Precisely the lines from the one with "Alternate Image 1" through the end of the data, both included, must make up the response, each restated word for word.

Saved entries
-- -- --
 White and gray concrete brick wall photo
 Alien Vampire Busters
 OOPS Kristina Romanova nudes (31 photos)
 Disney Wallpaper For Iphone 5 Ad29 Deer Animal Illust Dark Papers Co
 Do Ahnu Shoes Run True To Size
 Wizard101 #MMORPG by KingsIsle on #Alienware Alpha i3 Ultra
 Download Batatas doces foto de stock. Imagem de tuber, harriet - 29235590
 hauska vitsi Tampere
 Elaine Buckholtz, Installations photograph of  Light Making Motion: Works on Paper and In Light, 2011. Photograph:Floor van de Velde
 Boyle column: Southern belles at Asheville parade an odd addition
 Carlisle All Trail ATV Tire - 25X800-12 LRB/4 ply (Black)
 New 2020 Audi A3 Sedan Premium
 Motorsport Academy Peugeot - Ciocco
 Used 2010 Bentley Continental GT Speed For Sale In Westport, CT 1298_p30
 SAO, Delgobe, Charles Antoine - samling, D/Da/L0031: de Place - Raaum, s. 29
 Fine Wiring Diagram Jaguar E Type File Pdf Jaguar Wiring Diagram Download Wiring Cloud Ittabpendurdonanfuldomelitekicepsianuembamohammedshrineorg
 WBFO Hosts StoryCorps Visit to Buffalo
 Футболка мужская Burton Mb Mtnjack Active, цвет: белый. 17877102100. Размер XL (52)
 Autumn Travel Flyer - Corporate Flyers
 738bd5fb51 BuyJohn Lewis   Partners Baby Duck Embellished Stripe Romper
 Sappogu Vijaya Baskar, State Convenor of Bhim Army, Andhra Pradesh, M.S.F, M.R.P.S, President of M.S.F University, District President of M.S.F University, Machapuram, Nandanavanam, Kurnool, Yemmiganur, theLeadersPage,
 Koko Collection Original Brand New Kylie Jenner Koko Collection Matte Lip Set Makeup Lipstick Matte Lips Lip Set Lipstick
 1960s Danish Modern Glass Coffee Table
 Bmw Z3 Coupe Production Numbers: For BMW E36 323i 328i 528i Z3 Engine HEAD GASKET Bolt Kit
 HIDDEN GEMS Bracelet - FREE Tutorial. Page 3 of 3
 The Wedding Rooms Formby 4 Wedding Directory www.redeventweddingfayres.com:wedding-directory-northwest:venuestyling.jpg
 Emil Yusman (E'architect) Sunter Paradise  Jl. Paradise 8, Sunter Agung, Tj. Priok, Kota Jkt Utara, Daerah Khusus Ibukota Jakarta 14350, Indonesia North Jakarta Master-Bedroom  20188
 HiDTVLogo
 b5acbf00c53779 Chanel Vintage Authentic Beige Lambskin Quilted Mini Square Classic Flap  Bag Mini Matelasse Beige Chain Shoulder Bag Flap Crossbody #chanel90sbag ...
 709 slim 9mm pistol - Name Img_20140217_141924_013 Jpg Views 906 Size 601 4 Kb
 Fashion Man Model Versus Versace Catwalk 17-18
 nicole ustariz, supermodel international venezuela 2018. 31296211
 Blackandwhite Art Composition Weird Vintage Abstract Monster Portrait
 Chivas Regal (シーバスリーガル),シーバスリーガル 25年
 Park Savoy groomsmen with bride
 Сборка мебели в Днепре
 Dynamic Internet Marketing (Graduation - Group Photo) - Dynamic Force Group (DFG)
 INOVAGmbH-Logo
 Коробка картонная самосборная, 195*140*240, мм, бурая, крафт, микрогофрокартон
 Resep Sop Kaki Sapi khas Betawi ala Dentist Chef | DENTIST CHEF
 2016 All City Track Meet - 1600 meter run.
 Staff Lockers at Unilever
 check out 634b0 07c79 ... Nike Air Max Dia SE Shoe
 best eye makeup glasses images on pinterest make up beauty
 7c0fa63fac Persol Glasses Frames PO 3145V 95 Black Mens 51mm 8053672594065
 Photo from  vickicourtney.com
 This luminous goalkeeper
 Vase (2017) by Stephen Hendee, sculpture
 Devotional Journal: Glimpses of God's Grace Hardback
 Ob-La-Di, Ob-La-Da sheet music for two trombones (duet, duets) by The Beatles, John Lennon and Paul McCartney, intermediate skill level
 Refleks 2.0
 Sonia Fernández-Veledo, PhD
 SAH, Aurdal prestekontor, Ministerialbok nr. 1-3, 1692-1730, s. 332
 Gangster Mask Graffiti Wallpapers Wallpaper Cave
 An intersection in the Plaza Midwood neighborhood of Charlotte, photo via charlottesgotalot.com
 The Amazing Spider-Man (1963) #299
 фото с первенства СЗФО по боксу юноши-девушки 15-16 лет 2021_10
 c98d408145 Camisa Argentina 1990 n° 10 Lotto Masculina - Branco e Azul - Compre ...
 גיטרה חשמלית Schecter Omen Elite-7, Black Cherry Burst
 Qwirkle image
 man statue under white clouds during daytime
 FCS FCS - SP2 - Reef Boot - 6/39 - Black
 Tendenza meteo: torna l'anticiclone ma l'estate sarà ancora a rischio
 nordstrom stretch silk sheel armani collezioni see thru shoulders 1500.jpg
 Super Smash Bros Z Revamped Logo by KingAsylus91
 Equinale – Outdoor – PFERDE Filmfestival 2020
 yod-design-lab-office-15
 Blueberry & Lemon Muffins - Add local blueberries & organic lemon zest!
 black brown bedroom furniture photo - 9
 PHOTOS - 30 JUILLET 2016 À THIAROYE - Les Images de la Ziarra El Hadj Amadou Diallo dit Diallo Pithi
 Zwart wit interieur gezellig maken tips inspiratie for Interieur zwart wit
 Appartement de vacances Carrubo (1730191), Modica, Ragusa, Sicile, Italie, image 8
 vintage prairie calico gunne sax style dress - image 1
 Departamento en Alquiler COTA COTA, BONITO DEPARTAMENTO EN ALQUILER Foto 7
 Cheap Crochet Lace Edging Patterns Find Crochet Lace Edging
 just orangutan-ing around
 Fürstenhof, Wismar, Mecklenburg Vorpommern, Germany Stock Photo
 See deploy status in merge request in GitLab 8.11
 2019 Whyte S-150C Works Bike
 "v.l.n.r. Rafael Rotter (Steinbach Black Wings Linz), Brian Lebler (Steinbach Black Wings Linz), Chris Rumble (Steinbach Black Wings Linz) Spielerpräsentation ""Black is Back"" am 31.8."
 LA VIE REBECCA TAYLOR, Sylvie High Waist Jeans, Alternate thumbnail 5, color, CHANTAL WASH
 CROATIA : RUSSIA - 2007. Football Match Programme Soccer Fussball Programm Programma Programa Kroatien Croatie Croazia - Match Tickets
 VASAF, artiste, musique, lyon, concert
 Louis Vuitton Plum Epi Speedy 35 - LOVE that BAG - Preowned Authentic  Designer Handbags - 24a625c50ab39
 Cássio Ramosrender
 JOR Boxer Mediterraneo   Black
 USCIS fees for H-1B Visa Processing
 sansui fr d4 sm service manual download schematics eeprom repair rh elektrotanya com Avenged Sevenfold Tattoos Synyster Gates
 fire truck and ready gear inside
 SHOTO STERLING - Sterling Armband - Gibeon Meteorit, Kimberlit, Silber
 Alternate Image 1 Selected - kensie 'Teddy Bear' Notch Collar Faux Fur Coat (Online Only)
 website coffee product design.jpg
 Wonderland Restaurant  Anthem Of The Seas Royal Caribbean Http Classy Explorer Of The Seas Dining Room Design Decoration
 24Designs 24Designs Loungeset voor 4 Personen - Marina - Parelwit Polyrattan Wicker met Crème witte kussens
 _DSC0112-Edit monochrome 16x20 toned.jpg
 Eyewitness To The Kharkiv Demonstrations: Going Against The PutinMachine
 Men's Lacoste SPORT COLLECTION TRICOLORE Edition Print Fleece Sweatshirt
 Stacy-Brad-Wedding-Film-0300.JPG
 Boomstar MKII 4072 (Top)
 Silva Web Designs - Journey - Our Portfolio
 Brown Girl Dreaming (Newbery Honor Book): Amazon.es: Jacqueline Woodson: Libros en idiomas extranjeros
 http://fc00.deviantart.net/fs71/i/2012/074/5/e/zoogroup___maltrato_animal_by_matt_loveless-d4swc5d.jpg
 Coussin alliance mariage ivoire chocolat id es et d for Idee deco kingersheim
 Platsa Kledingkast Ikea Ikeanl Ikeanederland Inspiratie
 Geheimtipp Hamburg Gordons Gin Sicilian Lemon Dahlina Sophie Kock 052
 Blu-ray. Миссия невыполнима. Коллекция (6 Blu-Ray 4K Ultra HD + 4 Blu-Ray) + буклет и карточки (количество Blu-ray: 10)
-- -- --
### WRITTEN ANSWER:
 Alternate Image 1 Selected - kensie 'Teddy Bear' Notch Collar Faux Fur Coat (Online Only)
 website coffee product design.jpg
 Wonderland Restaurant  Anthem Of The Seas Royal Caribbean Http Classy Explorer Of The Seas Dining Room Design Decoration
 24Designs 24Designs Loungeset voor 4 Personen - Marina - Parelwit Polyrattan Wicker met Crème witte kussens
 _DSC0112-Edit monochrome 16x20 toned.jpg
 Eyewitness To The Kharkiv Demonstrations: Going Against The PutinMachine
 Men's Lacoste SPORT COLLECTION TRICOLORE Edition Print Fleece Sweatshirt
 Stacy-Brad-Wedding-Film-0300.JPG
 Boomstar MKII 4072 (Top)
 Silva Web Designs - Journey - Our Portfolio
 Brown Girl Dreaming (Newbery Honor Book): Amazon.es: Jacqueline Woodson: Libros en idiomas extranjeros
 http://fc00.deviantart.net/fs71/i/2012/074/5/e/zoogroup___maltrato_animal_by_matt_loveless-d4swc5d.jpg
 Coussin alliance mariage ivoire chocolat id es et d for Idee deco kingersheim
 Platsa Kledingkast Ikea Ikeanl Ikeanederland Inspiratie
 Geheimtipp Hamburg Gordons Gin Sicilian Lemon Dahlina Sophie Kock 052
 Blu-ray. Миссия невыполнима. Коллекция (6 Blu-Ray 4K Ultra HD + 4 Blu-Ray) + буклет и карточки (количество Blu-ray: 10)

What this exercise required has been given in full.